Mas um novo paradigma desponta no horizonte das sociedades atuais destronando, passo a passo, a separatividade, pois esta é e sempre foi uma grande ilusão. Estamos unidos desde sempre por uma teia de pensamentos, sentimentos e emoções coletiva invisível. Estamos vendo que a globalização, a tecnologia, a economia, as artes, a ciência, os meios de transporte e a mídia nos mostram que o mundo ficou pequeno e que as fronteiras entre os países são precárias. Alguém disse e é uma grande verdade contemporânea. Podemos até afirmar que os países ricos não estão a salvo da miséria, das doenças e da violência dos países pobres. As nações ricas e poderosas não estão imunes ao sofrimento e à dor que reinam no mudo. Daí, podermos concluir que a separação é uma ilusão; e que um mundo de solidariedade estabelece o caminho para o bem geral de todos.
Estamos aqui, todos juntos, num mundo-escola chamado Terra, com um destino incerto, fruto do somatório do uso de nosso livre-arbítrio, sendo exercido a cada momento por cada um de nós. Livre-arbítrio é a vontade em ação, sempre sob a responsabilidade de cada indivíduo. Todos os atos, individuais ou coletivos, decorrentes da ação humana, estão sujeitos à lei de causa e efeito, pois toda e qualquer ação produz consequências imediatas ou mediatas, boas ou ruins.

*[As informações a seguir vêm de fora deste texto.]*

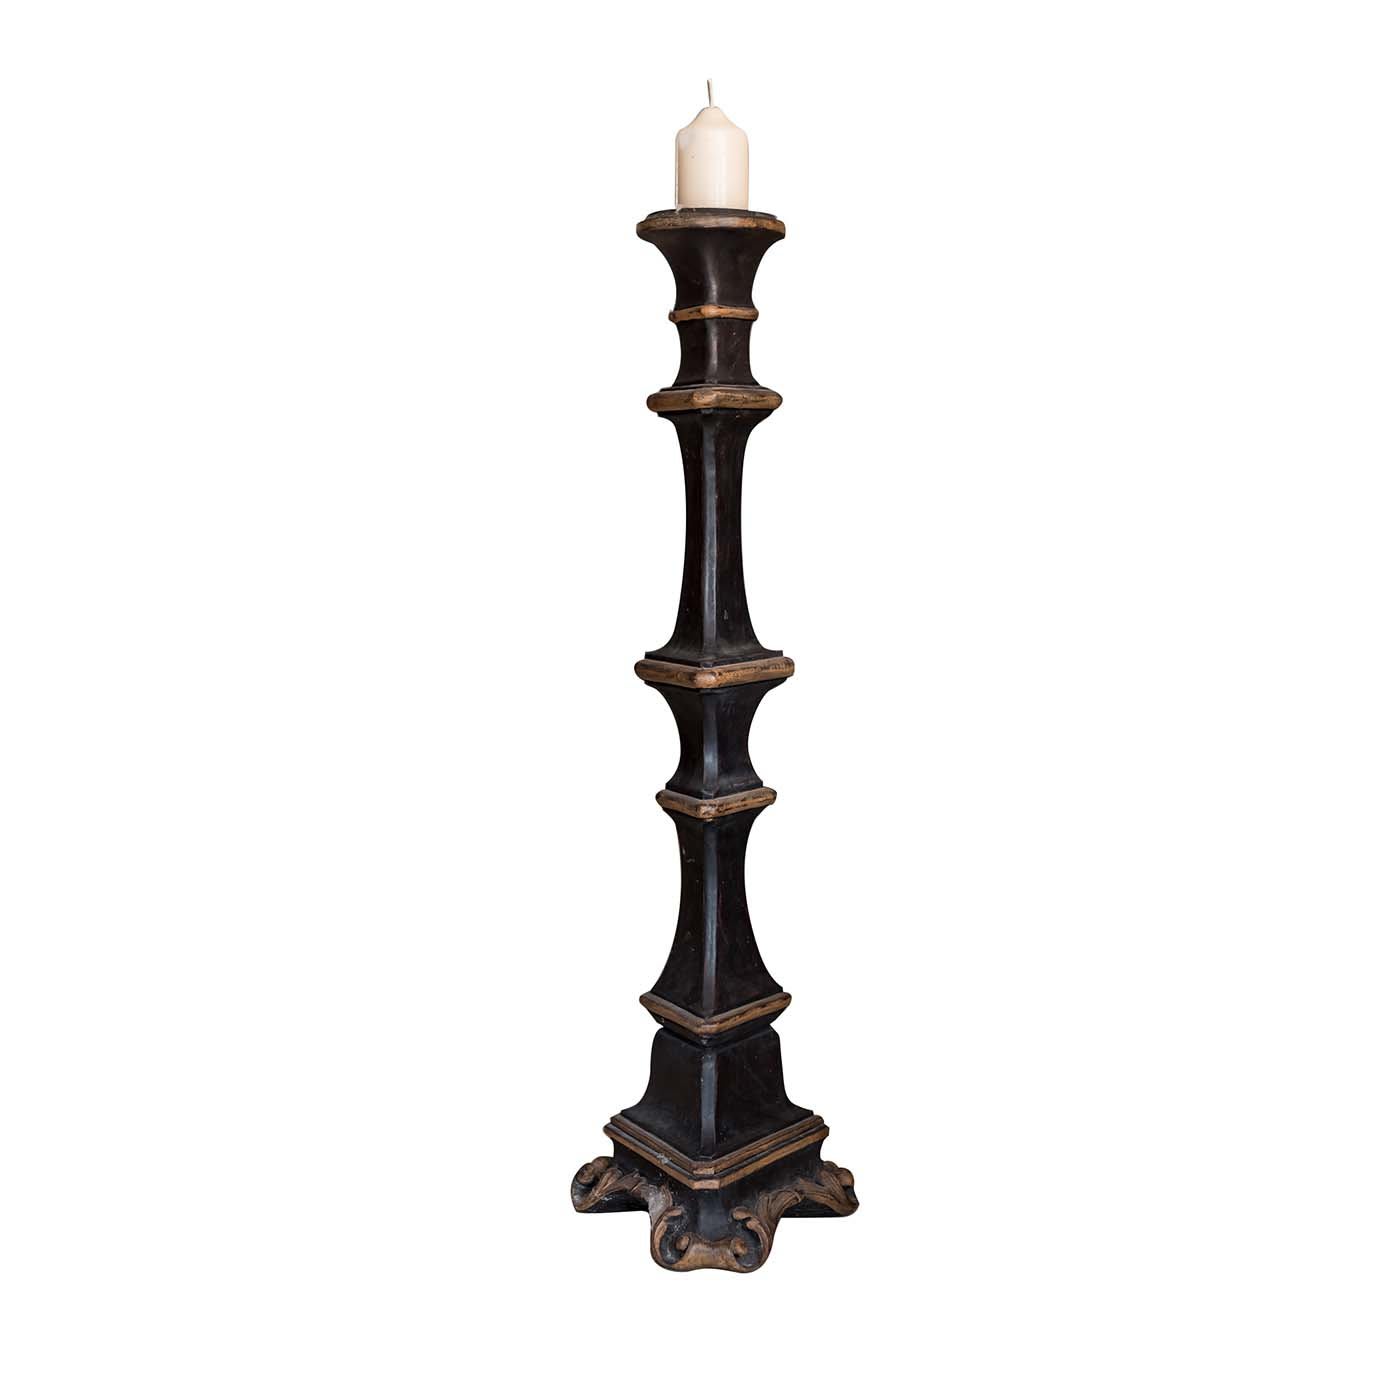 Gubbio candle holder in black wood - Porte Italia

Não devemos nos esquecer que vivemos em um mundo-escola onde muitas oportunidades se nos apresentam para provocar a nossa evolução. Nós podemos ter controle sobre muitas das ações humanas, principalmente de nós mesmos, mas somos desafiados pelas ações de nossos semelhantes e dessas nem sempre podemos escapar. É o caso, por exemplo, dos conflitos armados ou não, das guerras, da fome endêmica, de muitas doenças altamente infecciosas, da raiva, do ódio, da maledicência, da violência, de uma lista infindável de negatividades. E, quando não sabemos nos defender desses conflitos, acabamos sendo responsáveis e cocriadores da dor no mundo. É o que acontece quando não pomos nossa vontade em ação para o bem e o nosso poder de convicção para demover os que têm dúvidas.
No caso oposto, que é o que se espera da humanidade quando atingirmos um certo patamar de evolução, poderemos criar harmonia e paz no planeta desde que criemos primeiro a paz e a harmonia em nós mesmos. E daí procurarmos expandir esta paz para os que estão mais próximo de nós e com eles convivemos diariamente – os nossos familiares, nossos amigos, nosso ambiente de trabalho. Unindo-nos e fazendo um esforço conjunto podemos mudar nossos pensamentos e atitudes para que o bem alcance uma escala mais abrangente, pelo menos, para minimizar a poluição no planeta, livrando-o da destruição. Vemos esforços muito titubeantes nessa direção. Cada adesão pelas nações da Terra a este movimento é um passo a mais que atua como um verdadeiro elo de uma corrente capaz de salvar o planeta de grandes catástrofes ou até mesmo da destruição.